Figure 2. Effects of constitutively active form of β-catenin on female germ cell survival in the Wnt4 KO ovary.

(A–D) Whole mount light field images of Wnt4 ^+/−;SF1/cre, Wnt4 ^−/−;SF1/cre, Wnt4^+/−;SF1/cre; Ctnnb1^fl.(ex3), and Wnt4^−/−;SF1/cre; Ctnnb1^fl.(ex3) ovaries at birth. (E) Average total germ cell number was obtained from Wnt4^+/−;SF1/cre, Wnt4^−/−;SF1/cre, Wnt4^+/−;SF1/cre; Ctnnb1^fl.(ex3), and Wnt4^−/−;SF1/cre; Ctnnb1^{fl.(ex3 )} ovaries at birth (n = 3 embryos for each genotype). Tukey tests revealed that the average germ cell number in Wnt4^−/−;SF1/cre was significantly different from that in Wnt4 ^+/−;SF1/cre (P = 0.017), Wnt4^+/−;SF1/cre; Ctnnb1^fl.(ex3) (P = 0.002), and Wnt4^−/−;SF1/cre; Ctnnb1^fl.(ex3) (P = 0.023). The asterisk represents statistical significance. (F–I) Immunohistochemical staining for androgen-producing enzyme CYP17 (green) was performed in Wnt4 ^+/−;SF1/cre, Wnt4 ^−/−;SF1/cre, Wnt4^+/−;SF1/cre; Ctnnb1^fl.(ex3), and Wnt4^−/−;SF1/cre; Ctnnb1^fl.(ex3) ovaries at birth. The inset in G represents a higher magnification of the CYP17-positive cells. Scale bar = 100 µm.

Figure 3. Effects of flutamide treatment on development of the reproductive tract and germ cells in β-catenin conditional KO female.

(A–H) Whole mount images of reproductive tracts and ovaries and (I–L) immunohistochemistry for TRA98 were performed on the ovary of the control (SF1/cre;Ctnnb1^f/+) and β-catenin cKO (SF1/cre;Ctnnb1^f/−) female with or without flutamide treatment. o =  ovary; arrow =  epididymis, arrowhead =  oviduct. Scale bar represents 500 µm in A–D and 100 µm in E–L.

Figure 4. Involvement of Inhbb in germ cell loss in the absence of Wnt4.
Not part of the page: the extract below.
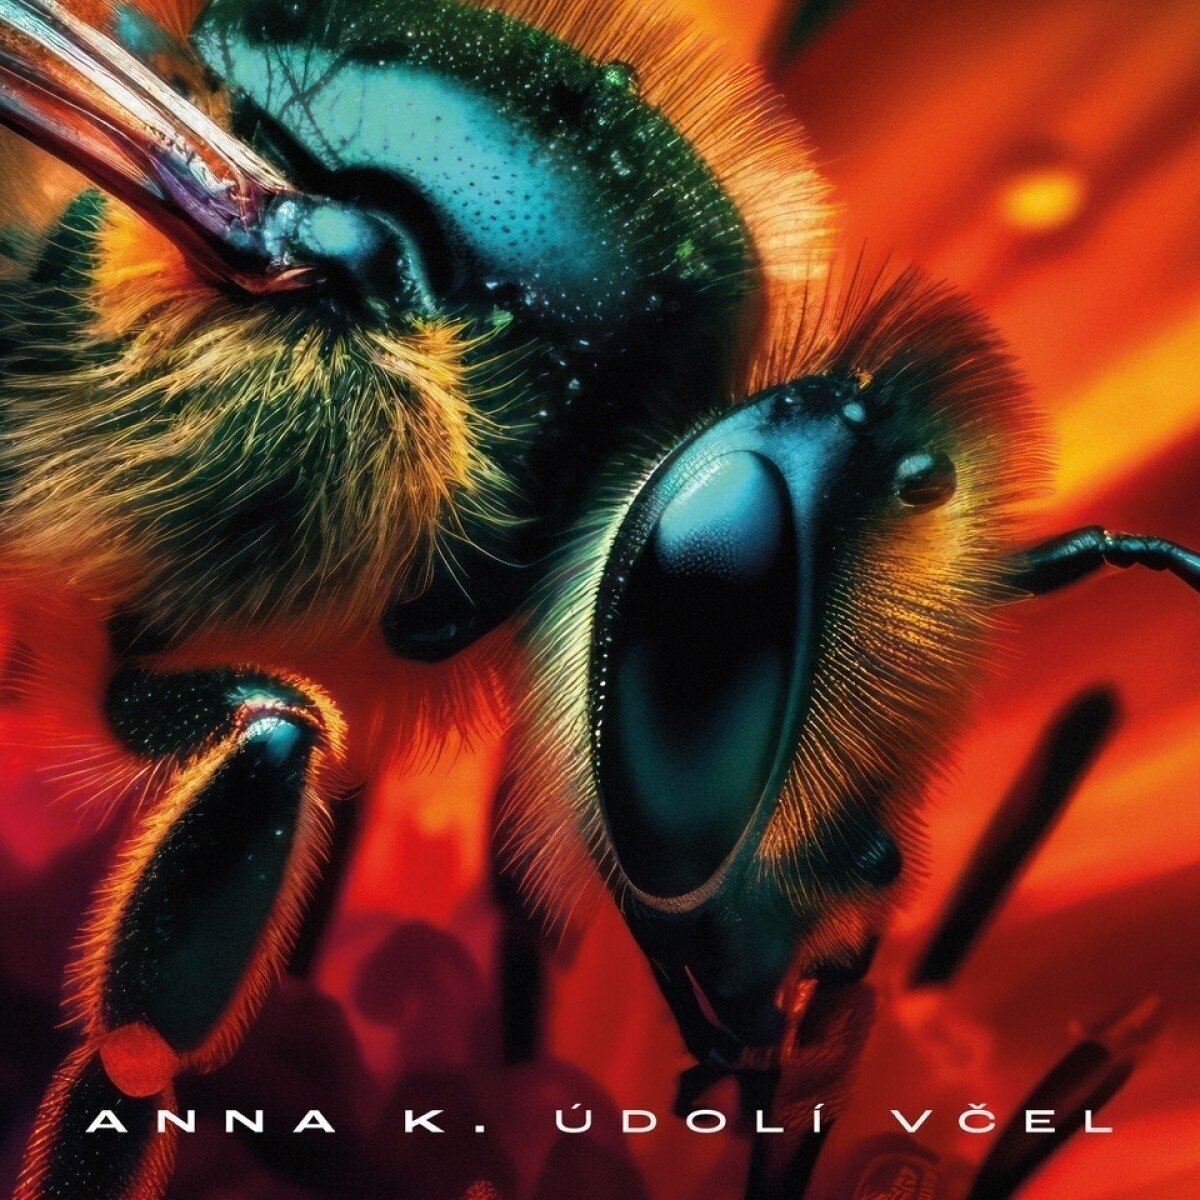 Anna K - Údolí včel (Limited Edition) (Blue Marbled Coloured) (LP) Anna K

(A–C) Whole mount in situ hybridization for Inhbb was performed on control ovary (SF1/cre;Ctnnb^f/+ or Ctnnb1^f/−) (A), β-catenin cKO ovary (SF1/cre;Ctnnb^f/−) (B), and Wnt4^−/−;SF1/cre; Ctnnb1^fl.(ex3) ovary (C) at 13.5 dpc. (n = 2–3 for each genotypes). o =  ovary, m =  mesonephros. (D–F) Immunohistochemistry for TRA98 (red) and CYP17 (green) was performed on ovary sections from control (Wnt4^+/−; Inhbb^+/−), Wnt4 single KO and Wnt4; Inhbb double KO ovary at birth. (G) Light field microscopic images of the reproductive tract were taken from control female, Wnt4 single KO, and Wnt4; Inhbb double KO females at birth. Arrowheads indicate oviduct and arrows indicate epididymal structure. o = ovary. (J–L) Immunohistochemistry for TRA98 (red) and SCP3 (green) were performed on ovary sections from control, Wnt4 single KO and Wnt4; Inhbb double KO ovary at 15.5 dpc. At this stage, the female germ cells have not lost yet in the Wnt4 KO ovaries, allowing us to monitor the status of meiosis. The insets are the images of a higher magnification of cells double-positive (yellow) for TRA98 and SCP3. Scale bar represent 250 µm in A–C, G–I and 100 µm in D–F, J–L. (M) A proposed model for the somatic cell-derived pathway on female germ cell survival: In the mouse fetal ovary, WNT4 signals via β-catenin to decrease the expression of activin βB or Inhbb, which causes loss of meiotic germ cell. WNT4 also stimulates the production of follistatin (Fst), which acts to antagonize the activity of Inhbb. The WNT4/β-catenin pathway also prevents the ectopic production of androgens in the fetal ovary, which is not responsible for the germ cell loss. WNT4 could possibly regulate its own expression via β-catenin.